Food delivery services have always been a thing, some more in specific countries than others. Japan, has always had food delivery services, in Japanese, known as “出前 (de-mae)”. The deliveries usually consisted of individual restaurants providing delivery themselves, or through another company. However, in recent times, there has been one specific food delivery service that has been taking over Japan and the younger generation known as Uber Eats.
So, what is it?
To be quite honest, the service is not much different from any other type of food delivery services. Originating from the United States, Uber Eats is accessible online, whether that be from the website or the app. It made its way over to Japan (specifically Tokyo) in 2016. The more urban your current location is, the more restaurants around you will be available options for ordering. For anybody who gets anxious about when their order is coming, fortunately with Uber Eats, once you order, you’ll be able to track your order and see where you Uber Eats deliveryman is at on a map!
What are the prices?
Depending on how far the restaurant is from your designated location, you will be charged a delivery fee ranging from ￥50 to ￥550. Additionally, there is a 10% service fee. Starting from October 2019, if you order a purchase of under ￥700, you will be automatically charged an extra fee of ￥150. Many people have different opinions about the prices of this service. Some may find it appalling, while others may argue that time is indeed money. For people who work from home, this service may be a savior, no matter how expensive it ends up becoming.
How did this become popular?
No one can pinpoint a specific cause for why this service suddenly boomed in Japan. The main reason most likely had to with the accumulation of Japanese YouTubers and influencers showed how they rely on Uber Eats, with video titles such as “Uber Eats 頼んでみた (I tried out Uber Eats)”, or “Uber Eats 大食い (Binge-eat Uber Eats)”. Other reasons may include how Uber Eats allows people to order from restaurants and fast food chains that they could not prior to this service. The service as grown so popular to the point where they have advertisements of the famous Japanese tennis player, Kei Nishikori, and comedian Kunihiro Kawashima (otherwise known as くっきー, Kukki) promoting Uber Eats.

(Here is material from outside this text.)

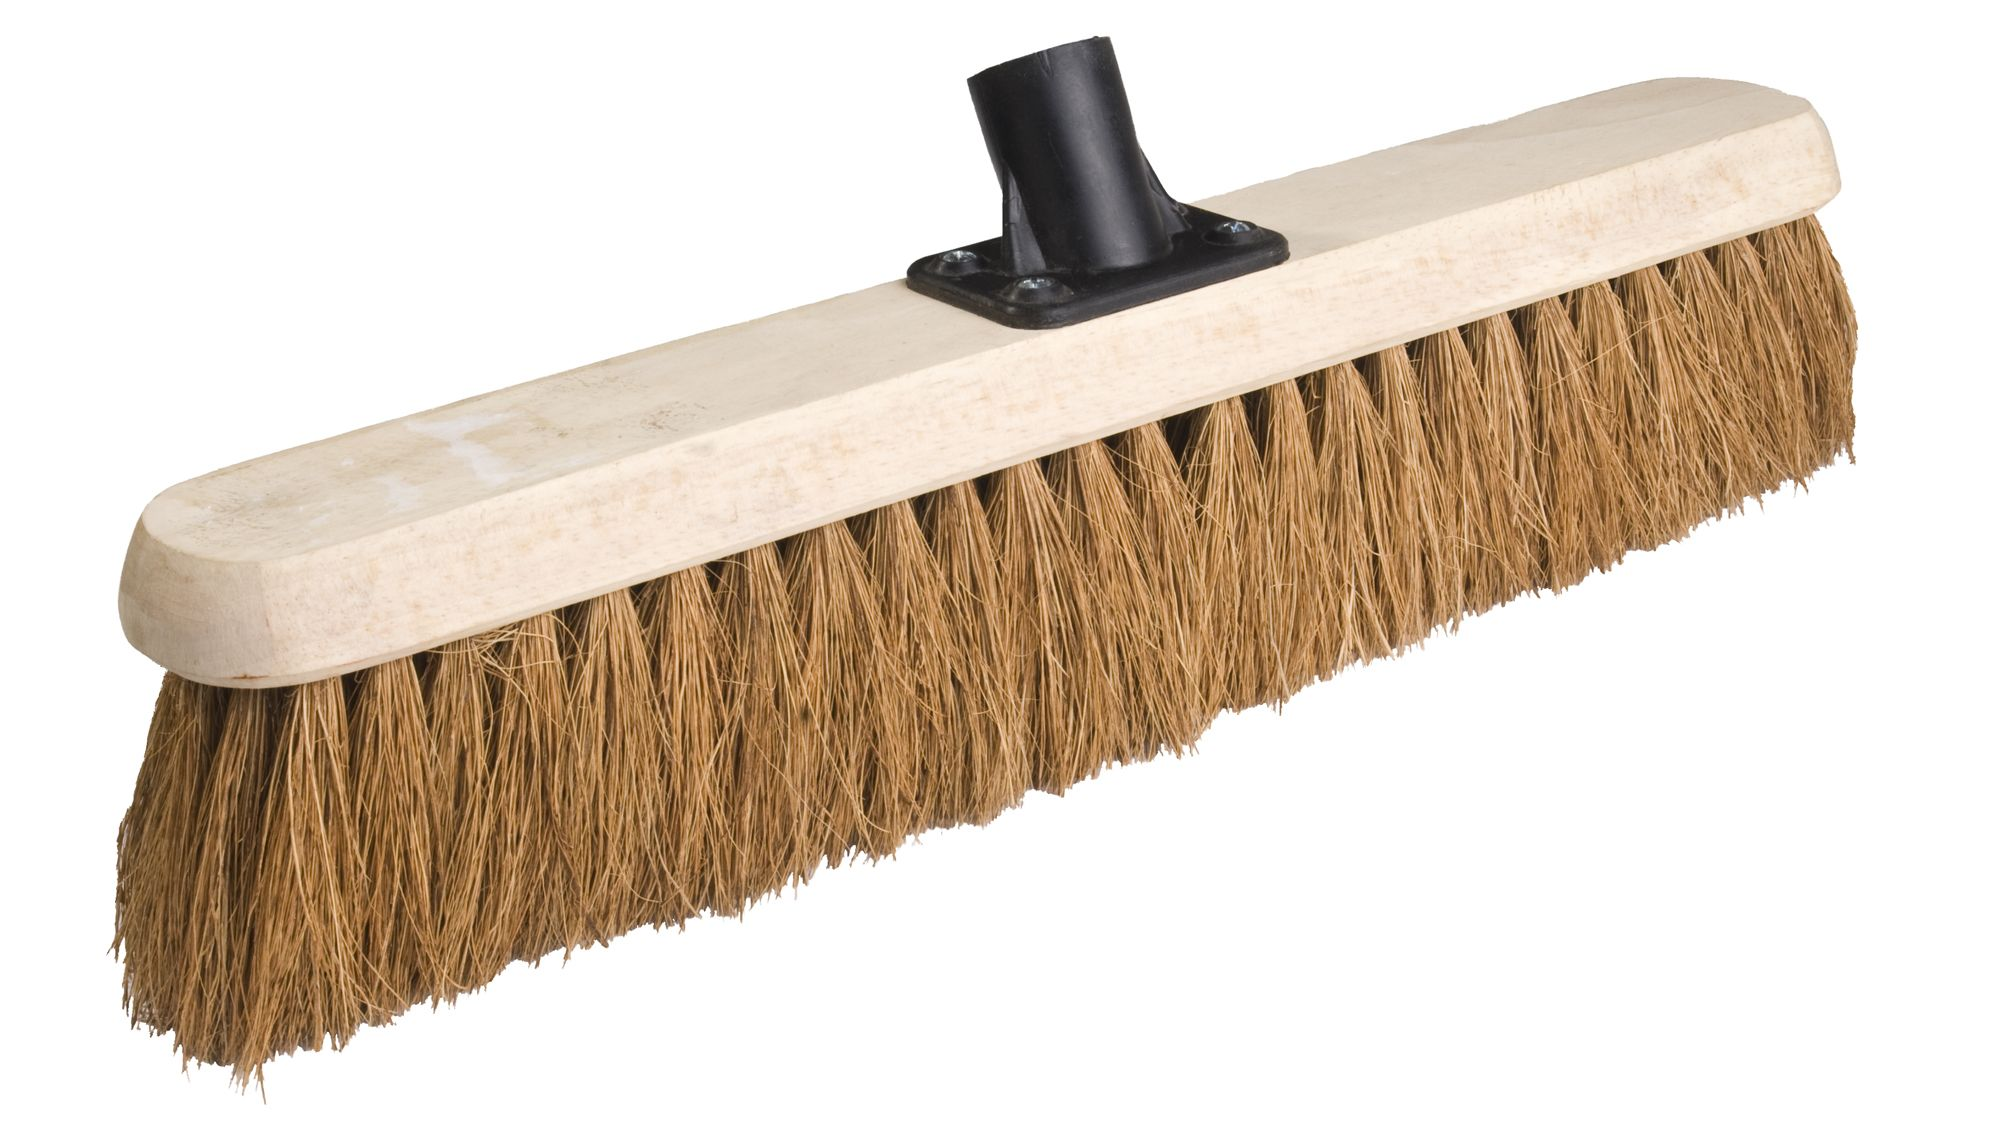 Harris Victory Broom Head W 70mm Departments Diy At B Amp Q

Criticism and Troubles Occurring
Just with any popular product or service, comes along with a good handful of criticism and problems. Though at first the service sounds great due to their relatively decent prices and its convenience from our point of view, we tend to overlook how the service is for the deliverymen of Uber Eats. Workers are arguing that they are not paid enough for what they do, while Uber Eats is struggling with creating the perfect price for both consumers and workers. Other problems include relationships between Uber Eats, the deliverer, and the customer. In an instance, in Osaka, a customer had an unpleasant experience with a delivery and contacted customer support. But Uber Eats firmly responded that this did not have the power to do anything as for this was the deliverer’s business (the deliverers are self-employed). Critics also point out that Uber Eats allows for many “Ghost restaurants” (restaurants without an actual place for customers to dine and only consists of a kitchen for take-out) to take over the food industry. Nothing is wrong with the fact of how ghost restaurants exist, but the trustworthiness does come into question. You don’t know the cleanliness of the kitchen, who in the world is making it, and what exactly they are doing with the foods.
Should you use it or not?
Personally, I find the prices a bit expensive for what you can get. But, in moments of emergencies or desperation for food, I think it’s a great service to use. Despite its backlash, countless of people do rely on Uber Eats. I suppose it’s really up to you, and what you find value in—money or convenience.